Tax Impact

Sep 10, 2008 5:30pm

There are some interesting nuggets on taxes in our latest ABC/Post poll: Registered voters by a 17-point margin are more apt to think their taxes would rise under Barack Obama than under John McCain, a perception that cuts closely to vote preference.

So why are they even overall? Because Obama makes it back among those who see a positive or neutral tax impact.

All told 51 percent think their federal taxes would increase under an Obama presidency, while 34 percent think they’d pay more in taxes with McCain in the White House. Just 9 percent think McCain would cut their taxes; slightly more, 13 percent, say Obama would do so. The rest think their tax load would stay the same. (McCain, it's worth noting, has been running ads hammering Obama as a tax-raiser.)

Among people who think their taxes would go up under Obama, our poll finds that 72 percent support McCain for president; it’s interesting that nearly a quarter of them, 23 percent, support Obama anyway. Among those who think their taxes would rise under McCain, similarly, 75 percent support Obama; 18 percent stick with McCain nonetheless.
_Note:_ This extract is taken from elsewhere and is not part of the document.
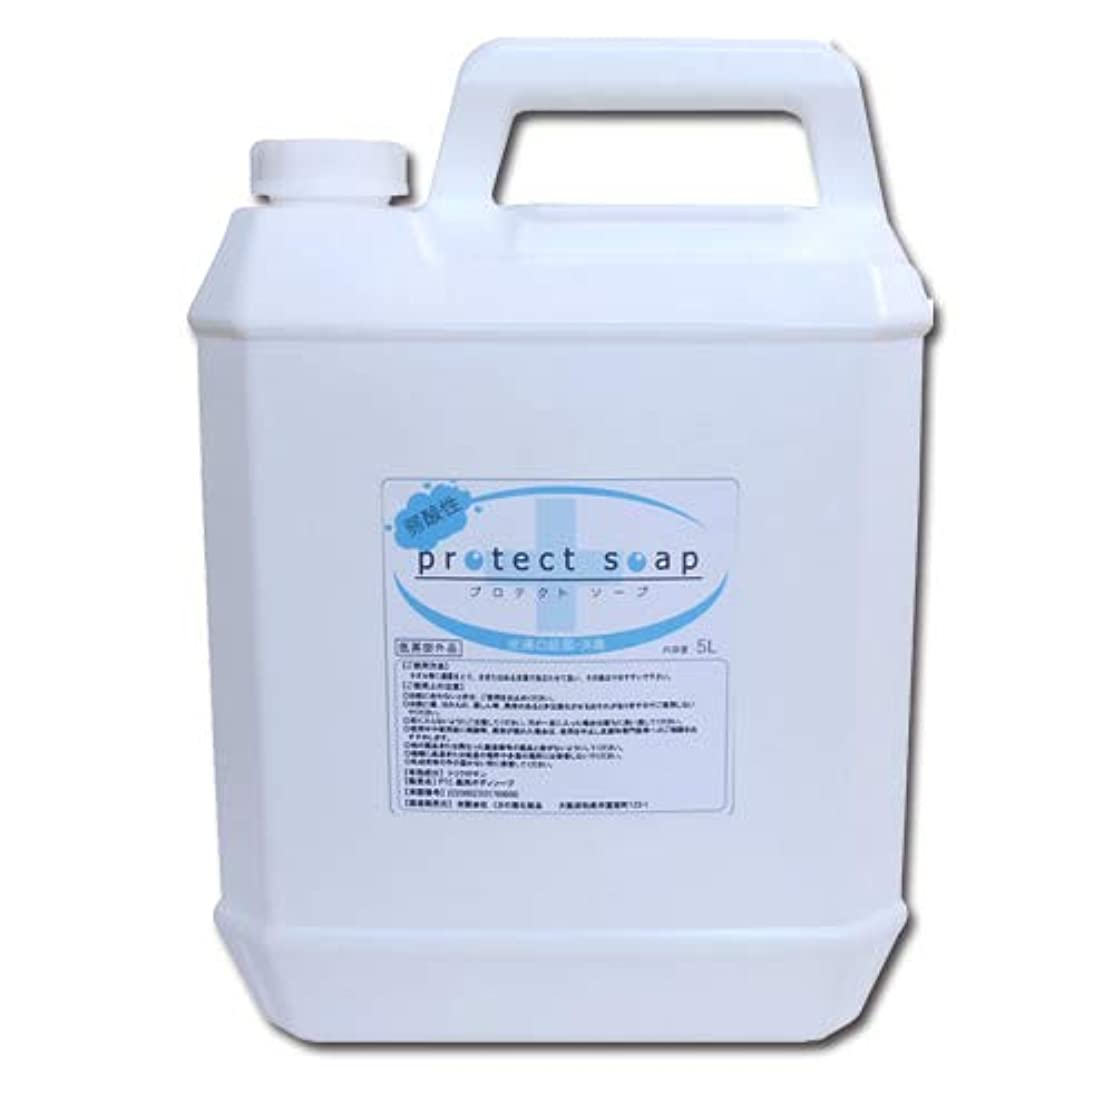 キャンバス一目イソギンチャク低刺激弱酸性 液体石鹸 プロテクトソープ 5L 業務用│せっけん液 液体せっけん 殺菌?消毒 インフルエンザ?ノロウィルス対策

Since more people think Obama would raise their taxes, he loses more ground there. But he gets more support from people who think he’d cut their taxes or leave them alone than does McCain – and that brings the contest between them back essentially to a dead heat.

Specifically, McCain’s supported by about three-quarters of people who think he’d cut their taxes, but Obama wins 93 percent of those who think he’d bring their taxes down. And Obama does 7 points better than McCain among people who think he’d leave their taxes unchanged.

The interplay among these views helps explain why the two ultimately come out even in overall trust to handle taxes – 45 percent of registered voters pick Obama, 44 percent McCain – as well as in overall vote preference, 47-46 percent.

It’s also noteworthy that there’s less overlap on these questions than you might expect: Just 14 percent of registered voters say that both Obama and McCain alike would boost their taxes as president. That suggests we’re seeing political (and certainly partisan) judgments – but not sheer cynicism.

One other of our results touches on personal finances: Sixty-five percent of registered voters describe themselves as financially secure, about the same as in July; many fewer, though, say they’re “very” secure financially – just 20 percent. (We know from our weekly consumer confidence index that ratings of personal finances are always better than views of the buying climate and national economy.)

What’s interesting is the correlation with vote: Among financially secure Americans, McCain has a 55-38 percent lead; among the financially insecure (who’re more apt to be Democrats), it’s Obama by 63-30.

Per our Political Unit’s Teddy Davis, a summary of the candidates’ tax positions follows:

McCain says he’d make permanent the 2001 and 2003 income-tax cuts that expire at the end of 2010, including those that set the tax rate for most dividend and capital-gains income at 15 percent. He’d would preserve most of George W. Bush's temporary cut in estate taxes, establishing a 15 percent rate for estates worth $10 million or more.

McCain says he’d eliminate the alternative minimum tax, double the personal exemption for dependents from $3,500 to $7,000 and would cut the corporate income-tax rate from 35 percent to 25 percent.

Obama, for his part, says he’d make the 2001 and 2003 income-tax cuts permanent for individuals making less than $200,000 a year; people in the top two income-tax brackets would return to their 1990s tax levels of 36 percent and 39.6 percent (including the exemption and deduction phase-outs).

Obama says he’d return the top capital-gains rate for families making more than $250,000 to 20 percent; the tax rate on dividends also would be 20 percent for families making more than $250,000, rather than returning to the ordinary income rate. He proposes effectively to repeal the estate tax for 99.7 of estates, retaining it at 45 percent for estates valued at over $7 million per couple.

Obama also says he’d provide a yearly tax credit of $500 for individuals and $1,000 for married couples who work and pay Social Security taxes; and an exemption from income tax for people 65 and older earning less than $50,000 a year. On income above $250,000 per year Obama would impose an additional payroll tax of between 2 and 4 percent, starting in 10 years.